Out & About with Kids editor Angela Saurine is one of countless Australians who waited nearly three months for her son’s first passport – almost twice as long as the six weeks the government is advising
When Australia’s international borders finally reopened after nearly two years of travel restrictions I, like many others, was excited.
Much as I love my homeland, after being trapped on our golden shores throughout the COVID-19 pandemic, I was suddenly craving that feeling of being in an exotic destination once again.
Enticed by news footage of people returning to Fiji and an amazing deal, I quickly booked a trip for mid-year, hoping the PCR tests that added to the cost of an overseas holiday would be a thing of the past by the time we travelled.
Warned of long processing times as everyone rushed to renew their expired passports, I set about filling out forms for myself and my four-year-old son Oliver early in the year.
When floods decimated much of northern NSW in late February, leading to my local post office being without internet for a week, I drove 20 minutes to Byron Bay to lodge them. I didn’t want to risk waiting another day.
I was pleasantly surprised when my passport arrived within two weeks of applying. There was no word on Oliver’s, but I knew kids’ first passports could take longer due to extra security checks and we had plenty of time, so I wasn’t too worried.
But around eight weeks in, I was getting nervous. I tried calling the passport office for an update. After more than an hour on hold, the line went dead. Every other time I tried to ring, I was confronted with a message saying they were experiencing a high volume of calls before the line fell silent. With no email address on the Australian Passport Office website, I was at a loss.
A couple of weeks later, with our travel date looming, I posted about my frustration on Facebook. One friend who’d faced a similar issue recommended I call the passport office at 8am on the dot.
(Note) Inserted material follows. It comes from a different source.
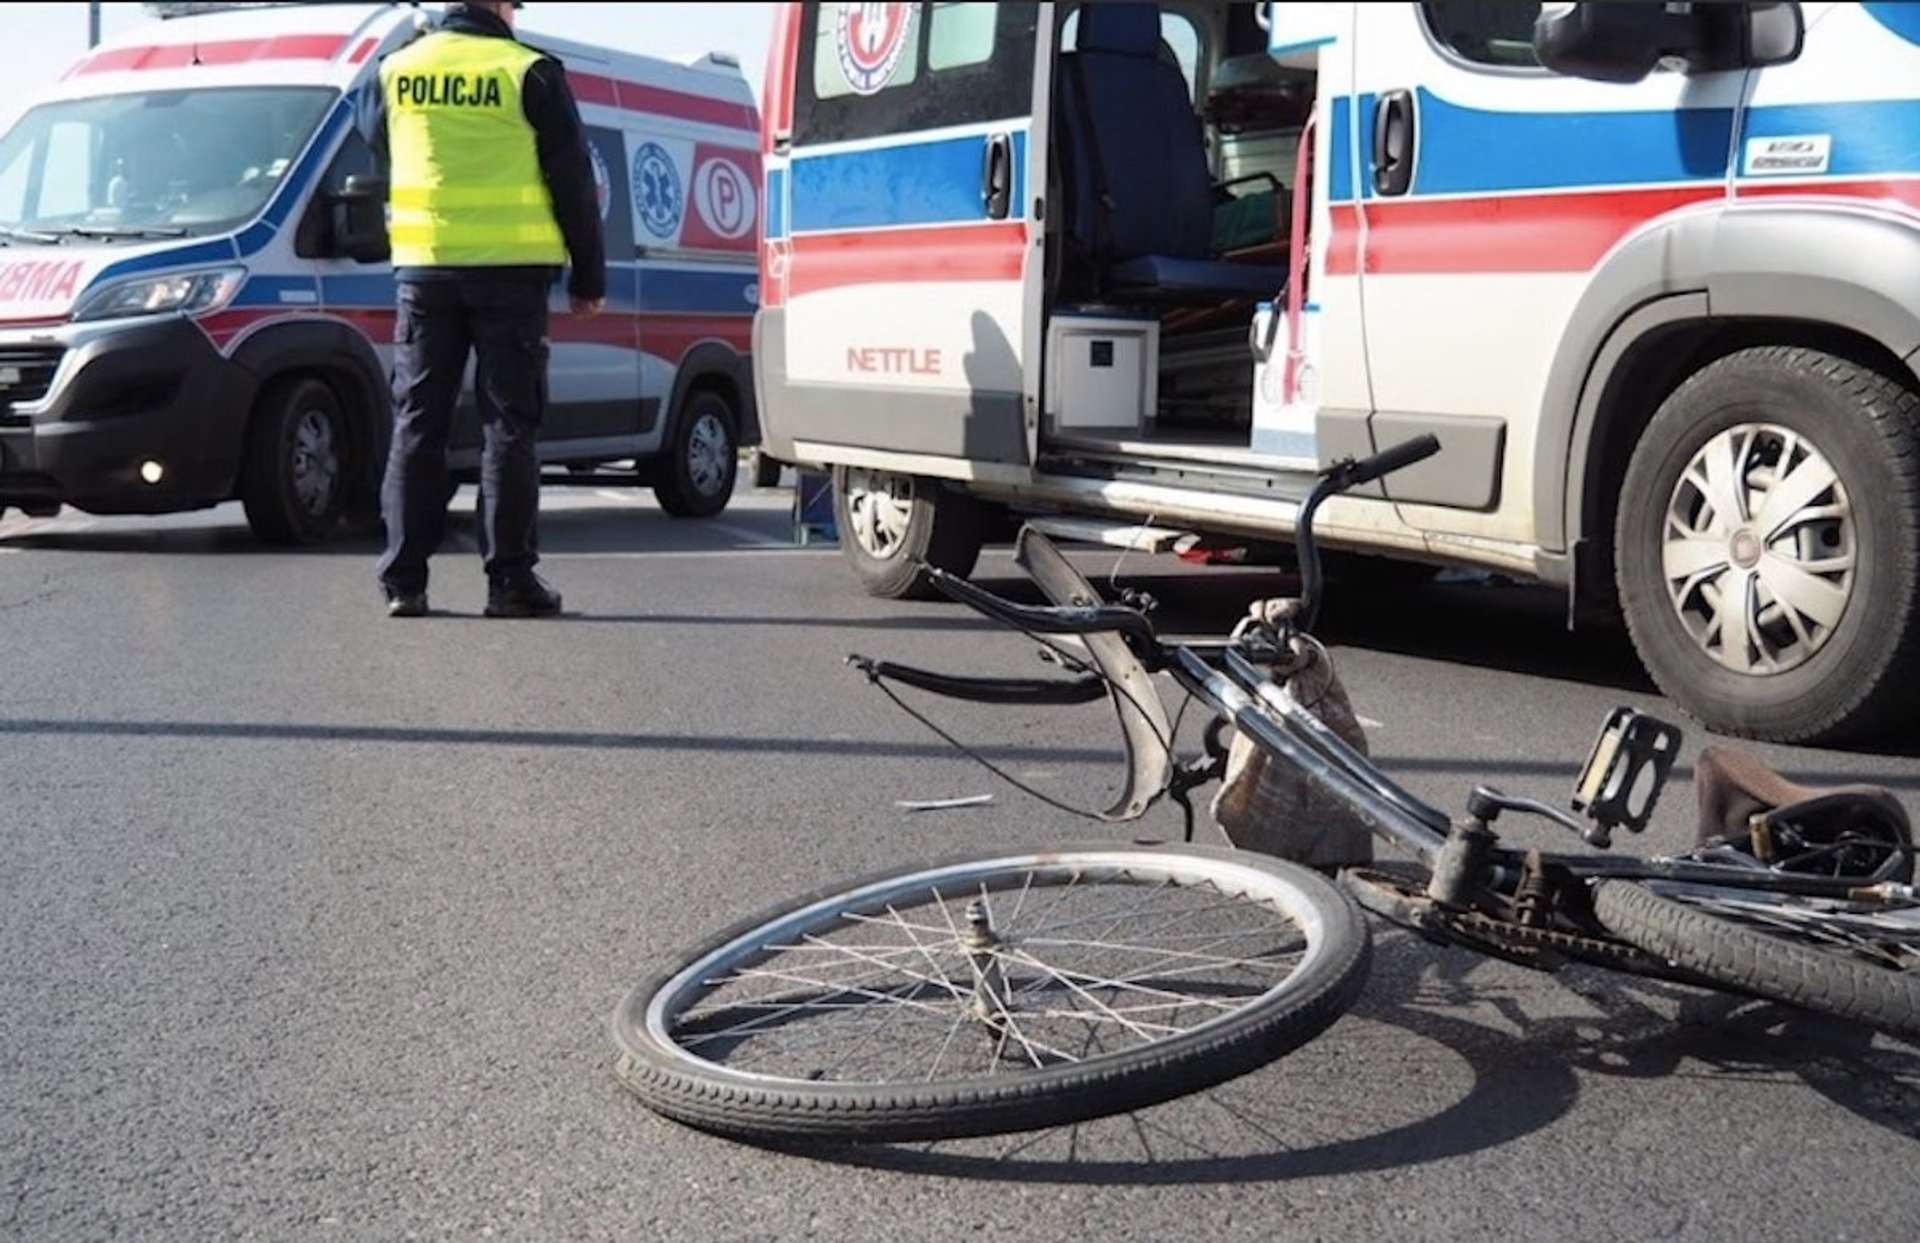 policja karetka rower na drodze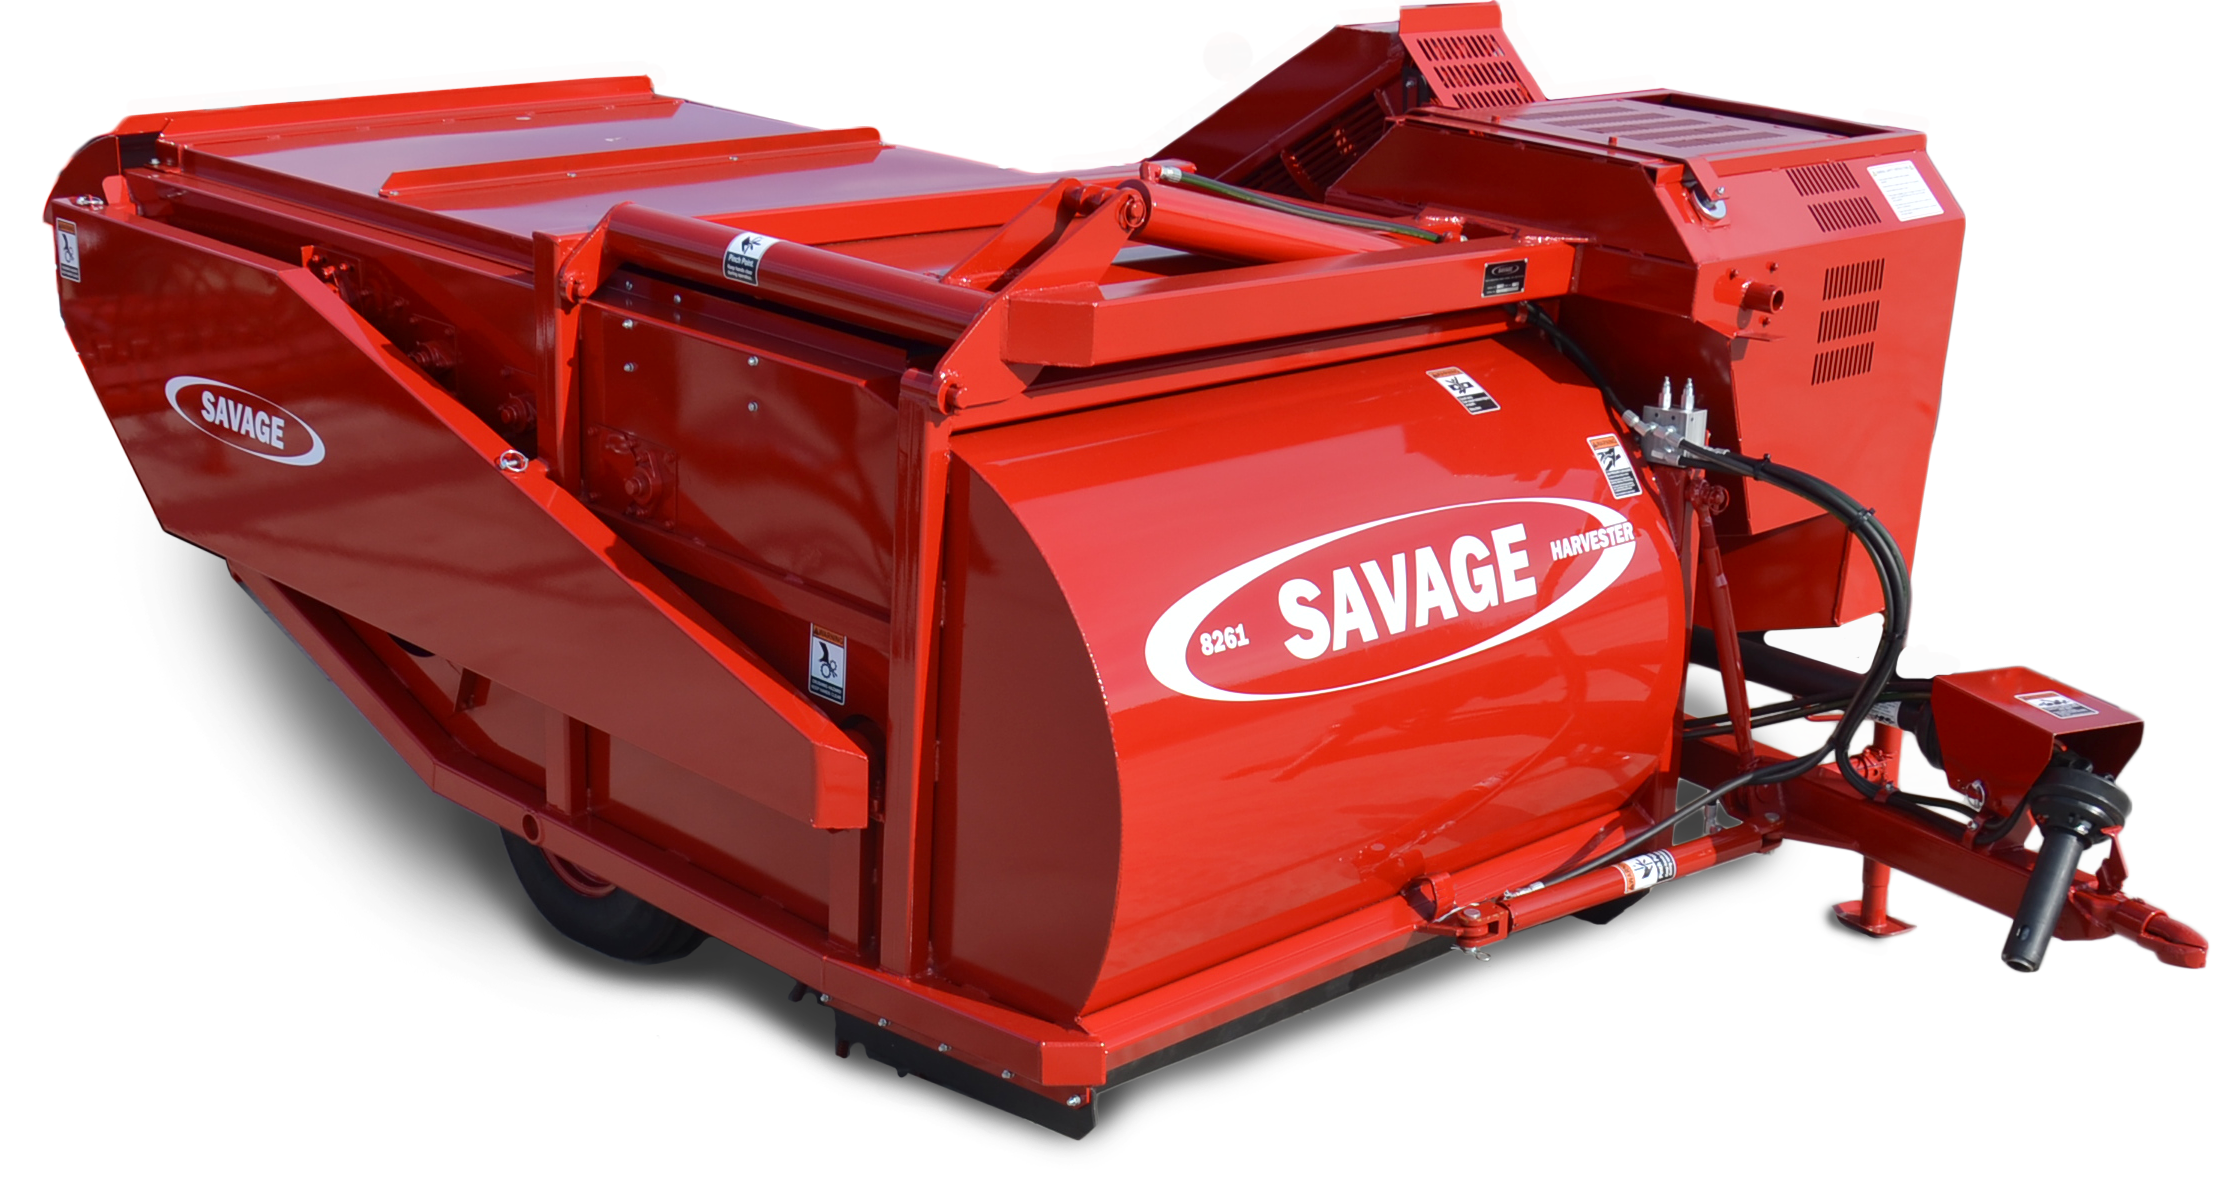 Savage 8261 Harvester

The next morning — a Tuesday — I did just that, and after 45 minutes on hold finally got a person on the other end of the line.
She confirmed the passport application was overdue and said she would mark it as a priority. Even then it could take three days, she said, plus up to seven days to arrive by registered post. It might just make it in time.
Six working days later I still hadn’t received a text or email saying it had been dispatched, so I called again at 8am and got through after another 45 minutes on hold. “Oh yes,” the lovely girl said. “I can see it was listed as a priority on such and such a date, but no action has been taken since that time.” She asked when we were travelling. “On Saturday,” I said. “I have to be honest with you,” she replied. “Even if it was processed today, it wouldn’t make it to regional Australia in time.” Collecting it from the Sydney office —an eight-hour drive away — wasn’t a viable option. We were flying out of Brisbane — a two-hour drive away — so she said suggested collecting it from there instead, and marked it as urgent. It meant missing another day’s work to pick it up the day before we flew, and a night in Brisbane, but it was the only way.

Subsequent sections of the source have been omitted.